Metamath Proof Explorer

Theorem mbfpsssmf

Description: Real-valued measurable functions are a proper subset of sigma-measurable functions (w.r.t. the Lebesgue measure on the reals). (Contributed by Glauco Siliprandi, 26-Jun-2021)

		Ref	Expression
	Hypothesis	mbfpsssmf.1	\|- S = dom vol
	Assertion	mbfpsssmf	\|- ( MblFn i^i ( RR ^pm RR ) ) C. ( SMblFn ` S )

Proof

Step	Hyp	Ref	Expression
1		mbfpsssmf.1	\|- S = dom vol
2		elinel1	\|- ( f e. ( MblFn i^i ( RR ^pm RR ) ) -> f e.
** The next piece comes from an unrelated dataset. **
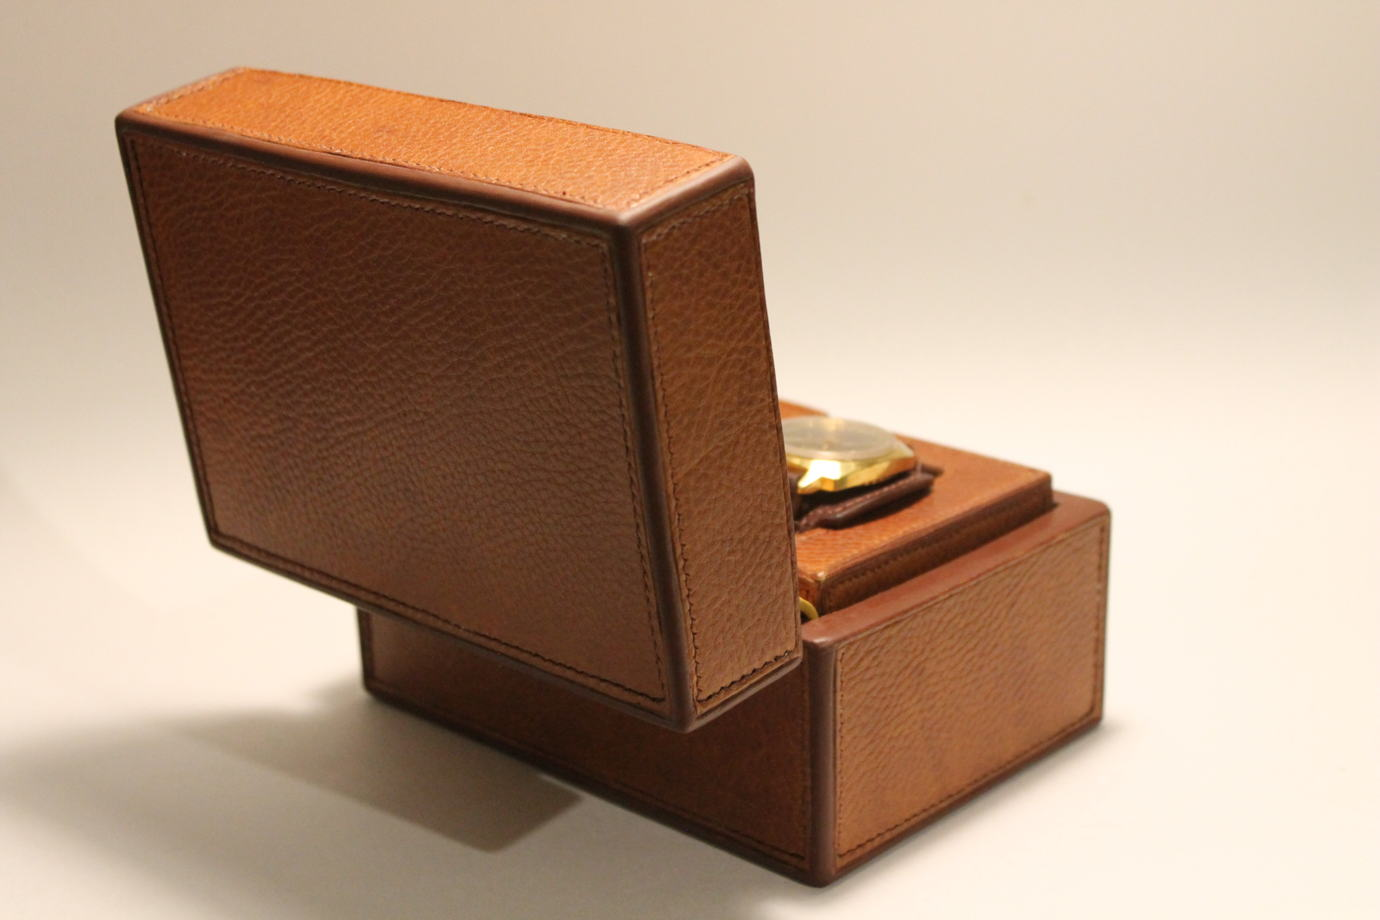 Кожаная коробка для хранения мелких вещей, часов (на заказ)

MblFn )
3		elinel2	\|- ( f e. ( MblFn i^i ( RR ^pm RR ) ) -> f e. ( RR ^pm RR ) )
4		elpmrn	\|- ( f e. ( RR ^pm RR ) -> ran f C_ RR )
5	3 4	syl	\|- ( f e. ( MblFn i^i ( RR ^pm RR ) ) -> ran f C_ RR )
6	2 5 1	mbfresmf	\|- ( f e. ( MblFn i^i ( RR ^pm RR ) ) -> f e. ( SMblFn ` S ) )
7	6	ssriv	\|- ( MblFn i^i ( RR ^pm RR ) ) C_ ( SMblFn ` S )
8	1	nsssmfmbf	\|- -. ( SMblFn ` S ) C_ MblFn
9	2	ssriv	\|- ( MblFn i^i ( RR ^pm RR ) ) C_ MblFn
10		nsstr	\|- ( ( -. ( SMblFn ` S ) C_ MblFn /\ ( MblFn i^i ( RR ^pm RR ) ) C_ MblFn ) -> -. ( SMblFn ` S ) C_ ( MblFn i^i ( RR ^pm RR ) ) )
11	8 9 10	mp2an	\|- -. ( SMblFn ` S ) C_ ( MblFn i^i ( RR ^pm RR ) )
12	7 11	pm3.2i	\|- ( ( MblFn i^i ( RR ^pm RR ) ) C_ ( SMblFn ` S ) /\ -. ( SMblFn ` S ) C_ ( MblFn i^i ( RR ^pm RR ) ) )
13		dfpss3	\|- ( ( MblFn i^i ( RR ^pm RR ) ) C. ( SMblFn ` S ) <-> ( ( MblFn i^i ( RR ^pm RR ) ) C_ ( SMblFn ` S ) /\ -. ( SMblFn ` S ) C_ ( MblFn i^i ( RR ^pm RR ) ) ) )
14	12 13	mpbir	\|- ( MblFn i^i ( RR ^pm RR ) ) C. ( SMblFn ` S )